余りの驚きにしくしくめそめそじめじめと嘆きのたまっていた場も思わず沈黙きょとんにぽかんですよ。
さらに、何の衒いもなく「うちにおいで」なんて言葉をくれるから、箱に閉じ込めてまで見て見ぬふりを、気付かぬふりをしていた感情が突然スポットライトを浴びせられて挙動不審に狼狽えていますよ。可哀想に。
いい男が凶悪なまでに優しい顔で「一緒に暮らそう」とか言うなんて、狡いですよね。勘違いもストーカーも山ほど誕生するでしょう。被害を被ってからそんなつもりじゃなかったのなんて言い訳は通りませんよ。大丈夫ですか?
ああもうまったく…。
私は弱い。とてもとても弱くて、狡い。己を支える術を持たず、それを変えようともしない。
本当に、愚かで醜悪な生き物だった。
そんな自分が誰よりも嫌いだった。憎かった。疎ましかった。
だからこそ、リトネウィアはそうならないようにと思う。
目を逸らして見たくないことから逃げているのでは何の解決もしない。
わかっていて、それでも過去の痛みと向き合えなかったのはどうしようもないほど臆病な自分の弱さ。
新しく踏み出すための勇気を家族という希望に勝手に抱いた自分の甘さ。勝手に期待して勝手に打ちひしがれて…思いがけず拾い上げて貰えた。
溢れ出した負の感情に搦め捕られ、昏い奈落へと沈むはずだった弱虫で泣き虫な私を抱き上げてくれた。

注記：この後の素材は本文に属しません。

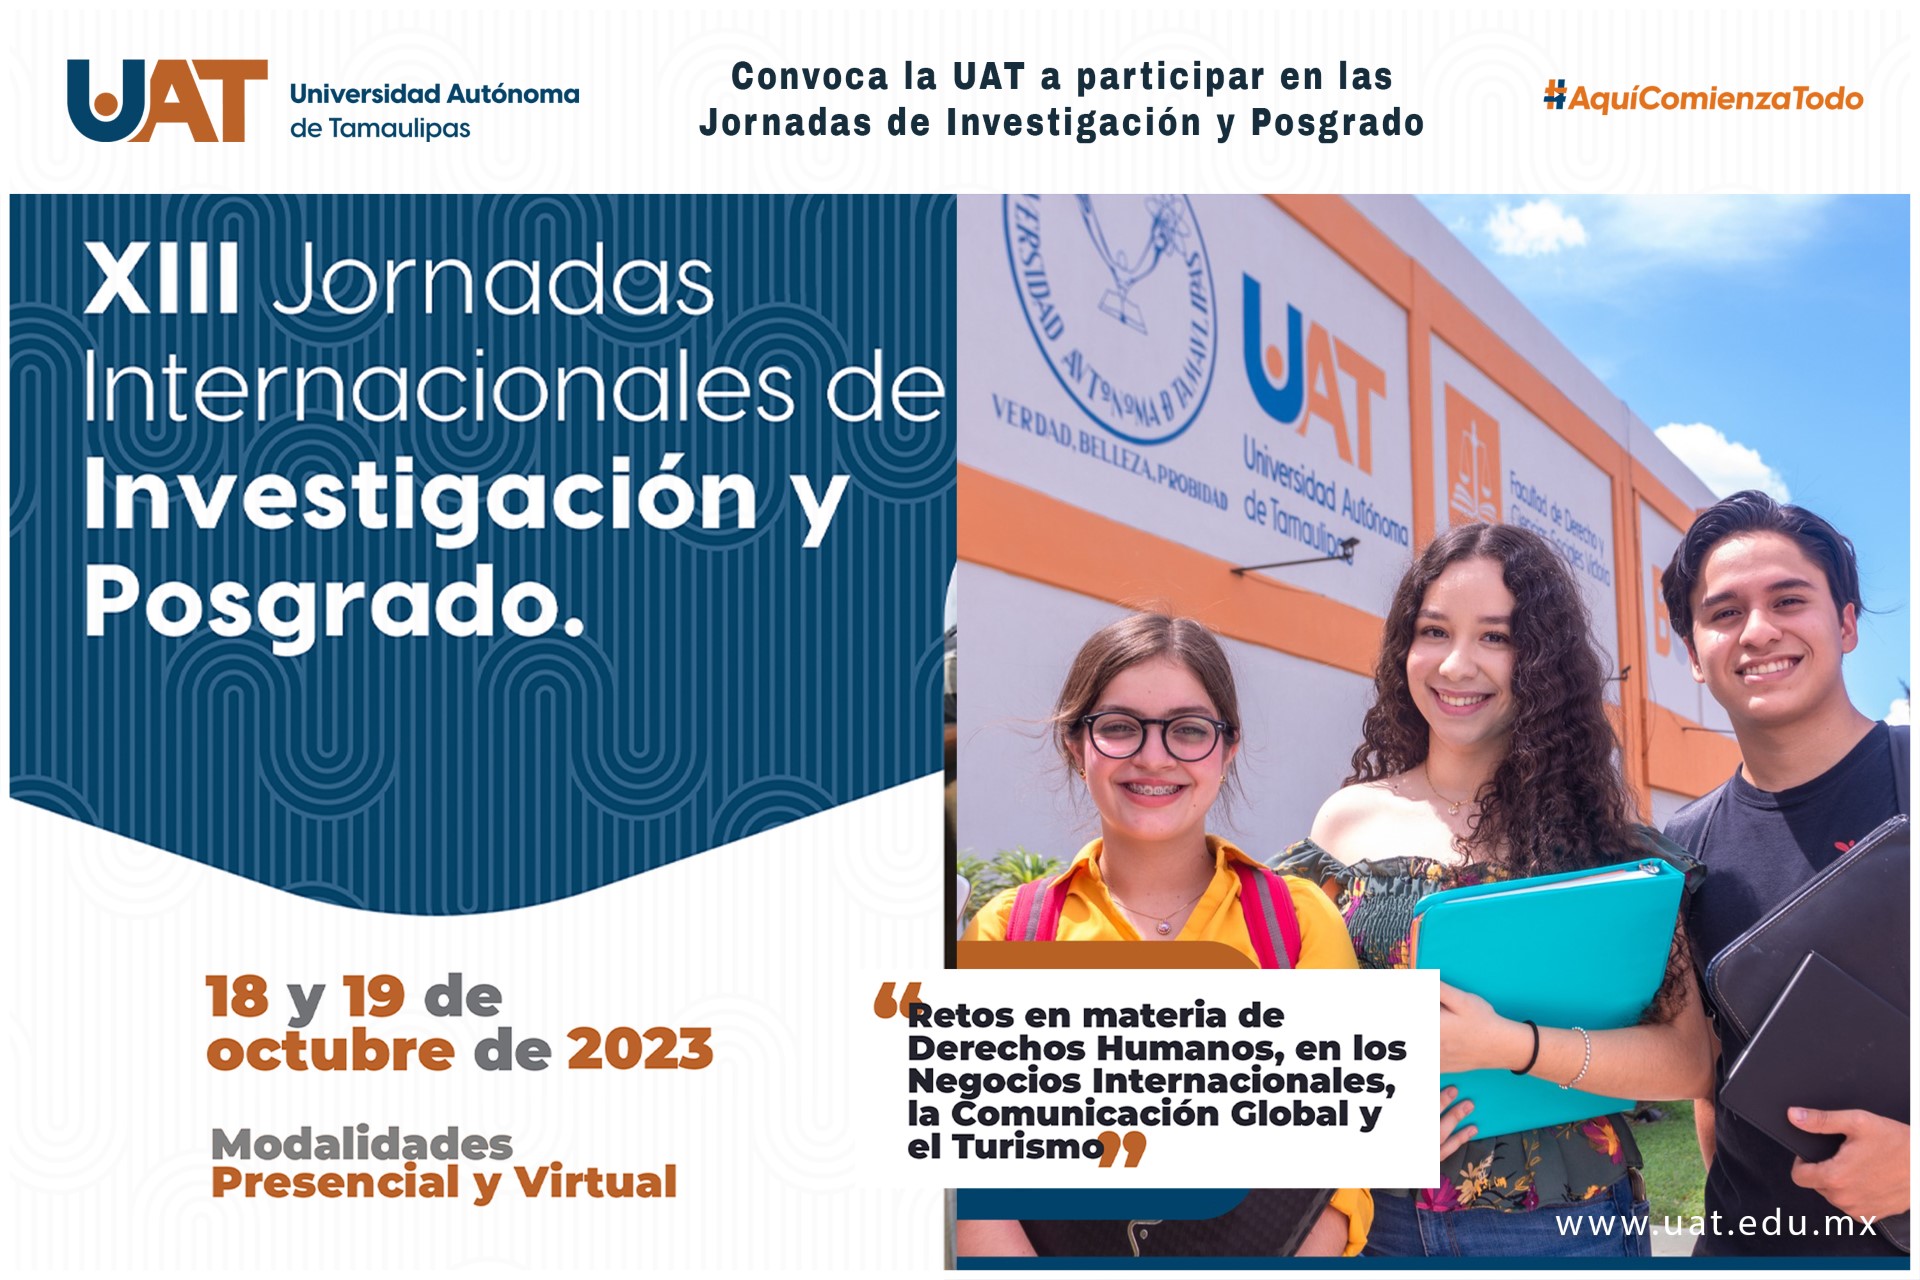 Convoca la UAT a participar en las Jornadas Internacionales de Investigación y Posgrado

大きな体、広い胸に抱き寄せられて、得ることができないと諦念した温もりに涙を零す。
ねえ、私頑張りますよ。
逃げるんじゃなくて、閉じ込めるんじゃなくて、ちゃんと向き合って、認めて、共に在れるように。
弱い私も、狡い私も抱き締めてあげられるように。
「誕生おめでとう。無事に生まれてくれてよかった」
それは違えようのない幸い。
だから、私は泣き声のない声を張り上げる。
それは求めた家族がいないことを、孤独を嘆く悲愁ではない。
これは、生まれ出ずることが適った寿ぎの声、私が私へと送る誕生祝い。
新たな生を喜び謳う、新たな生を全うすべく決意する宣誓の産声。